Just before the Easter break, the Ministry of Housing, Communities & Local Government said that, from August 2021, any works to convert buildings from commercial, business or service use to residential use in England would not need planning permission. Supporters believe the changes will address the effect that the pandemic has had on the high street, particularly the anticipated, long-term reduction in demand for workplaces in urban environments and the acceleration in demand for online retail.

How the permitted development rules will impact the market in the second half of this year is not clear. The intention is to enable the conversion of buildings into domestic property, which is likely to affect both supply and demand.

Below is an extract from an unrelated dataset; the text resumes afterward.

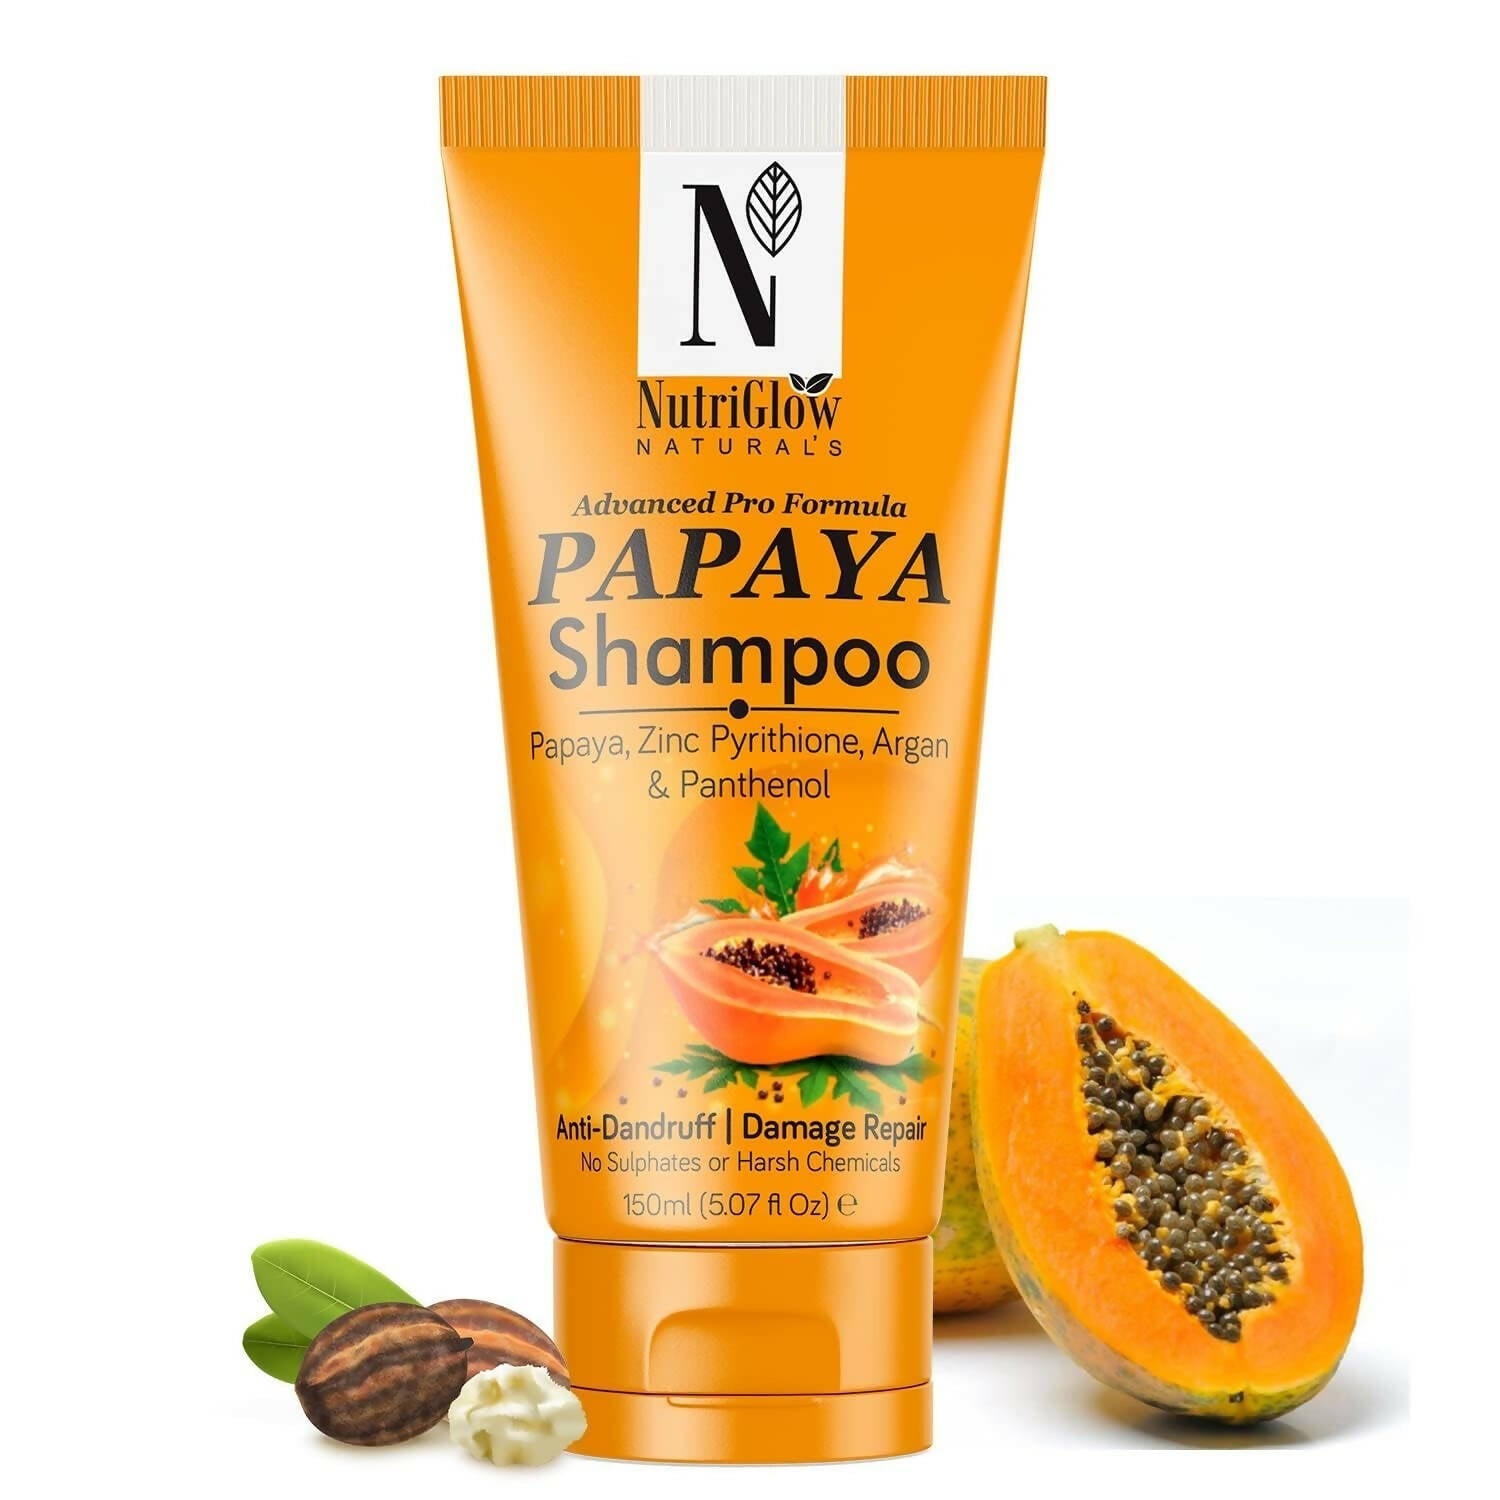 NutriGlow NATURAL'S Advanced Pro Formula Papaya Shampoo - BUDEN
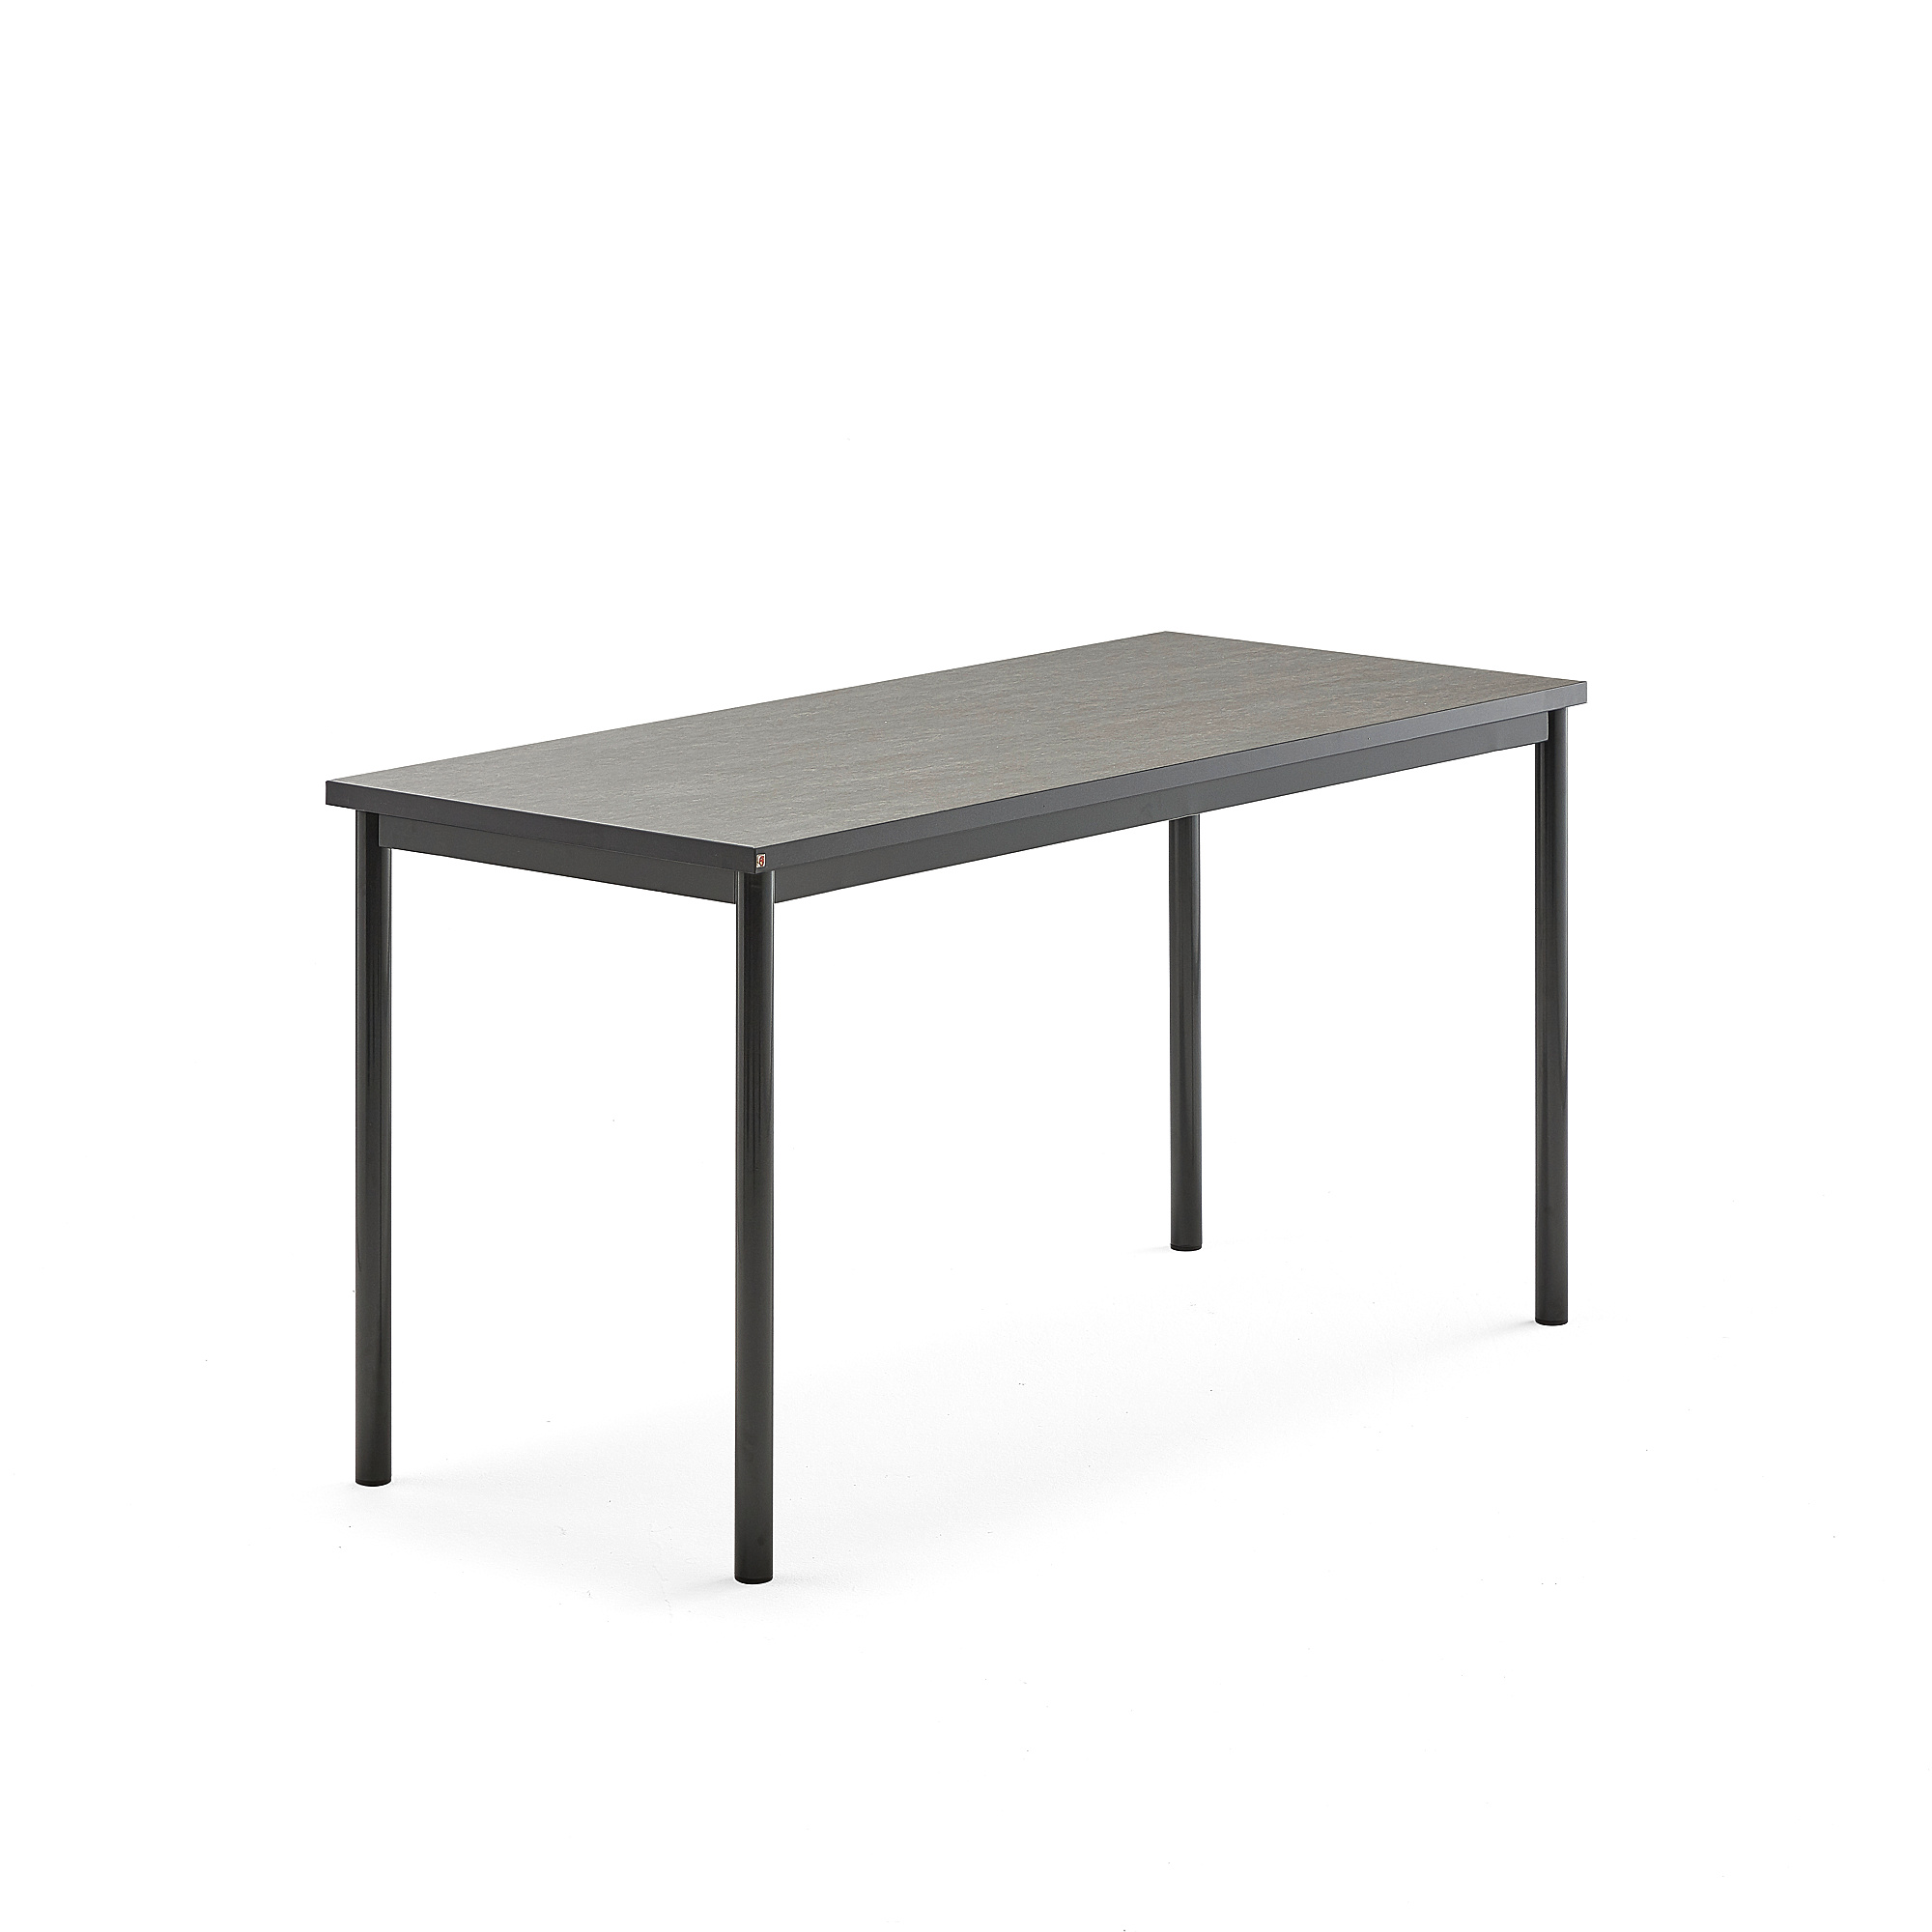 Stůl SONITUS, 1400x600x720 mm, antracitově šedé nohy, deska s linoleem, tmavě šedá

The DPS’s survey data suggested that many people who had moved during the pandemic did not move far, with the majority saying they now lived less than 10 miles from their previous home. On average, just under half (47%) of tenants had moved five miles or less, with 18% moving between five and 10 miles. Could these short distances mean that tenants who have left urban areas are more likely to move back if the right property becomes available under the new rules?

Covid recovery

Whatever the overall buoyancy of the market, parts of the sector are faring differently, and the ongoing pandemic and related policy issues could still have an effect. The stamp duty holiday was due to end on 30 June, with the furlough scheme finishing on 30 September.

However, with summer in the air, people moving and the careful lifting of restrictions, everyone is trying to get back to some form of normality and there are reasons to be hopeful. In our recent landlord survey, more than a third of respondents said they had bought or intended to buy another buy-to-let property, often as a long-term investment or to diversify their portfolio. Many also cited the opportunity to buy at a discount.

Some challenges remain for landlords, brokers and lenders, but there is also plenty to be optimistic about.